Talbot Wilson (1944-2022): revered public face of Newport Bermuda Race
Talbot Wilson, who masterminded so much of the public face of the Newport Bermuda Race for almost three decades, died on July 16, 2022, aged 77. He advised the Royal Bermuda Yacht Club and Cruising Club of America in press, public relations and event management from 1990 through the record-breaking entry for the 100th anniversary race in 2006 until his retirement after the 2016 event.
Talbot played much the same role for the Marion to Bermuda Race, the annual King Edward VII Gold Cup match-racing series, and other major sailing events in Bermuda, including the Women’s World Match Racing Championship.
The sailor, journalist, and PR guru grew up in New Orleans, where he first developed an insatiable taste for yacht racing. He gained a Master’s in English at Auburn University and either through fate or circumstance found the perfect vocation, combining his word skills with his chosen sport. As his daughter, Katie Roberts, recalls, “It was a passion that caught hold and drove practically every choice he made in life.”
Wilson and his family made their home in Pensacola, where he cut his teeth in marketing and promotions at the advertising agency Dodson, Craddock & Born.
John Winder, media team co-chair within the Bermuda Race Organising Committee, says in tribute: “Talbot did an amazing job for the race over 26 years. He was super at bringing people together, had an encyclopaedic knowledge of the event going back to the first race in 1906, and his press releases stood out as informative, knowledgeable and always very readable.”

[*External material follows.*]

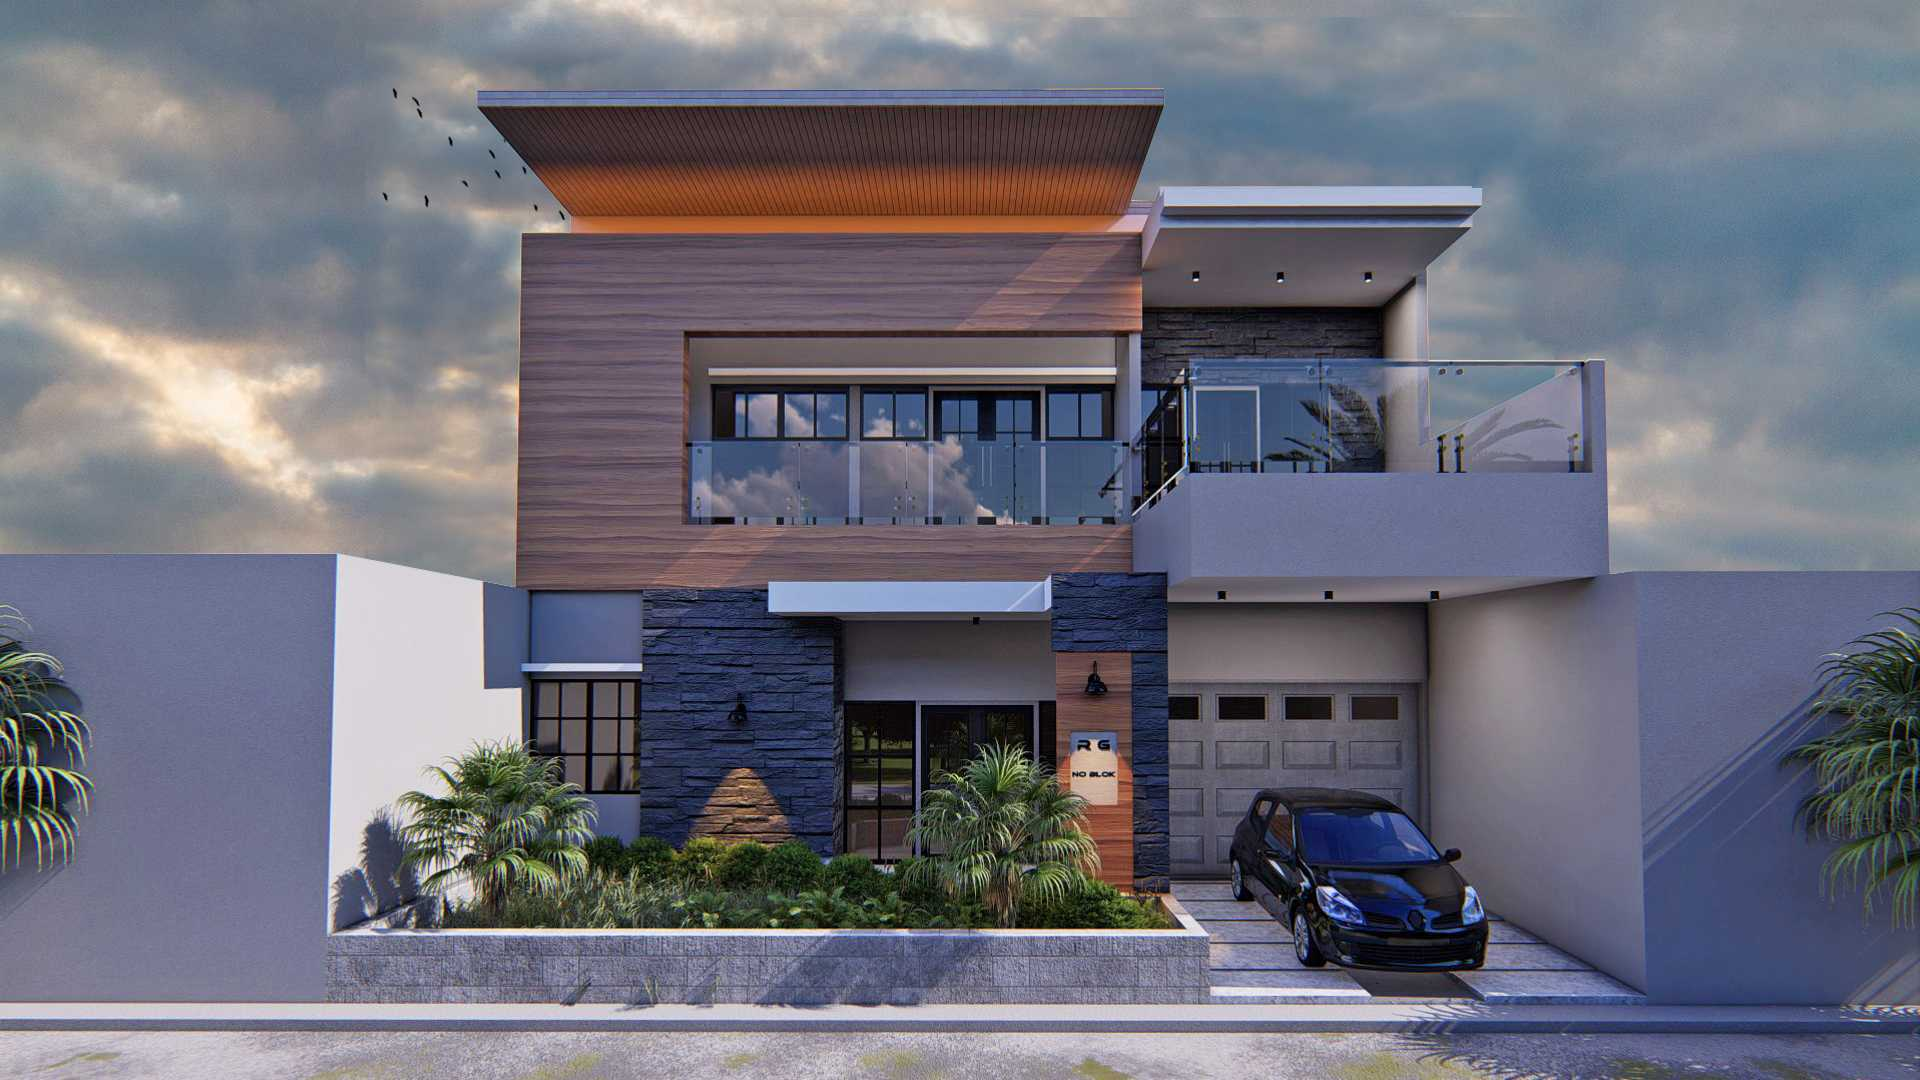 Jasa Arsitek Rchitect di Jambi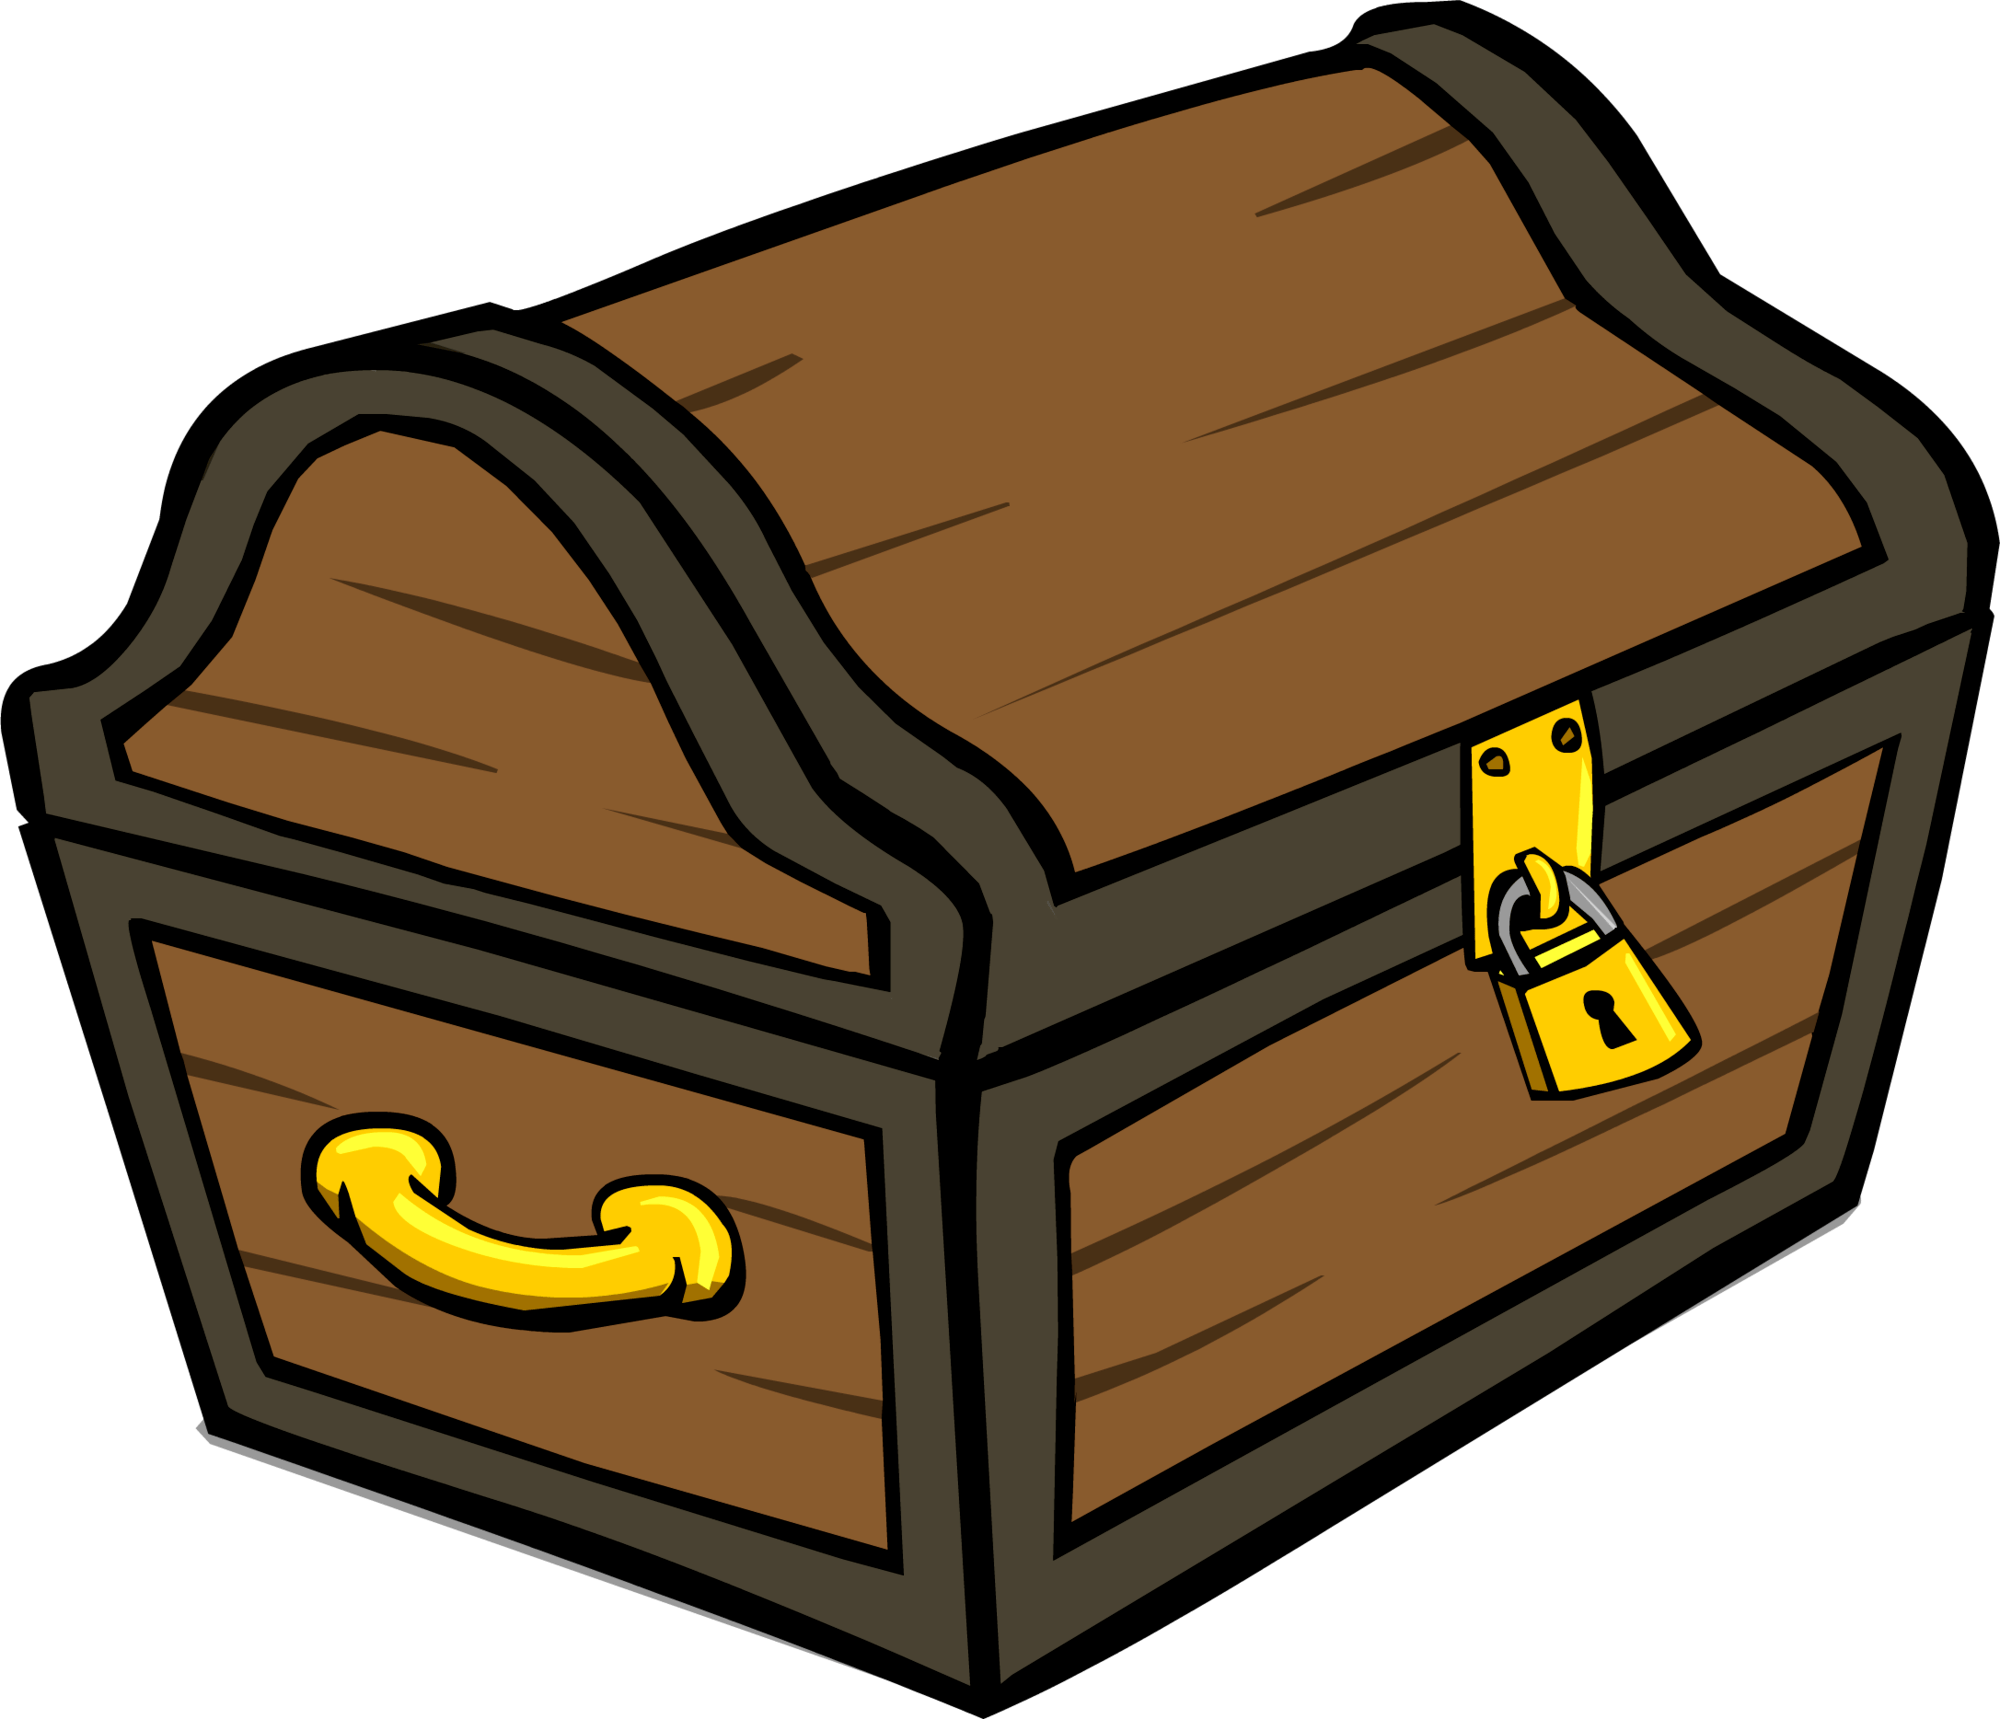 Transparent pirate treasure chest clipart - Treasure Chest Id 305 Sprite Club - Treasure Chest Transparent Background

Brian Billings, commodore of the RBYC between 1994 and 1995 says: “Talbot was very much involved with all the international events held in Bermuda. Talbot worked with me in saving the Onion Patch three-boat team event, wrapped around the Newport Bermuda Race. The series thrived during his tenure when similar events like the Cowes-based Admiral’s Cup and Sardinia Cup series were dropped from the international calendar.”
Talbot Wilson’s greatest achievement perhaps came with the Centennial Bermuda Race in 2006 when his media drive and wide-ranging contacts within the sailing world helped to draw a record 265 entries. Billings recalls: “It proved to be one of the most memorable events with New Yorker Peter S. Rebovich and family crewmembers in the veteran Cal 40 Sinn Fein sweeping the board to win the St David’s Lighthouse Trophy.”
That boat’s provocative name had caused some concerns during previous races, particularly in Bermuda, where the Sinn Fein movement was viewed more in terms of terrorism than the Irish Independence party now governing Northern Ireland. The Princess Royal’s arrival in Bermuda to present the 100th anniversary prizes only heightened those concerns, but any issues that might have resulted from the maverick skipper rubbing shoulders with British royalty were swept aside with a few quiet words from Talbot before the prize-giving. And when Rebovich and his crew repeated their win two years later, the mood had changed completely, with the Sinn Fein team feted for their back-to-back success.
Talbot had a nose for good news stories, which he nurtured from an early stage. There was the time Sir John Vereker, the Governor of Bermuda, joined Colin Couper’s crew on the Bermudian Swan 46 entry Babe, winning their class and finishing third overall in 2008. This was Sir John’s first ocean race, and he was ecstatic about their performance, coming on shore at the RBYC proudly wearing a cap bearing his crew nickname “Rail Meat”. The story made the papers across the world.
Another surrounded the salvage, restoration and eventual division win for the all-women crew on board Lea de Haas’s former Admiral’s Cup yacht Synergy. The yacht had sunk at her mooring in St Maarten in 1999 and remained underwater for 19 days, during which time the coral seabed had ground a great hole through the hull. Undeterred, Hass devoted two years to fully restoring the wreck and was rewarded with victory in the Finisterre Cruiser Division in the 2006 Centennial Race. It was a surprise result to all but Talbot — having followed the yacht’s restoration and crew preparations for the race, he had their story chapter and verse complete with pictures, ready to send out the moment Haas and her crew had crossed the St David’s finish line.
John Nichols, commodore of the Royal Hamilton Amateur Dinghy Club, says: “Our sport of sailing greatly benefitted from Talbot’s skill sets as both writer and marketing specialist, as well as his great passion for the sport. His ability to write a great story was accompanied by the skill of a great raconteur, and the recounting of many a tale accumulated was always welcome at the dinner table.”
Talbot is survived by his second wife, Virginia who also played an important role within the Bermuda Race media team, son John Wilson, daughter Katie, and five grandchildren.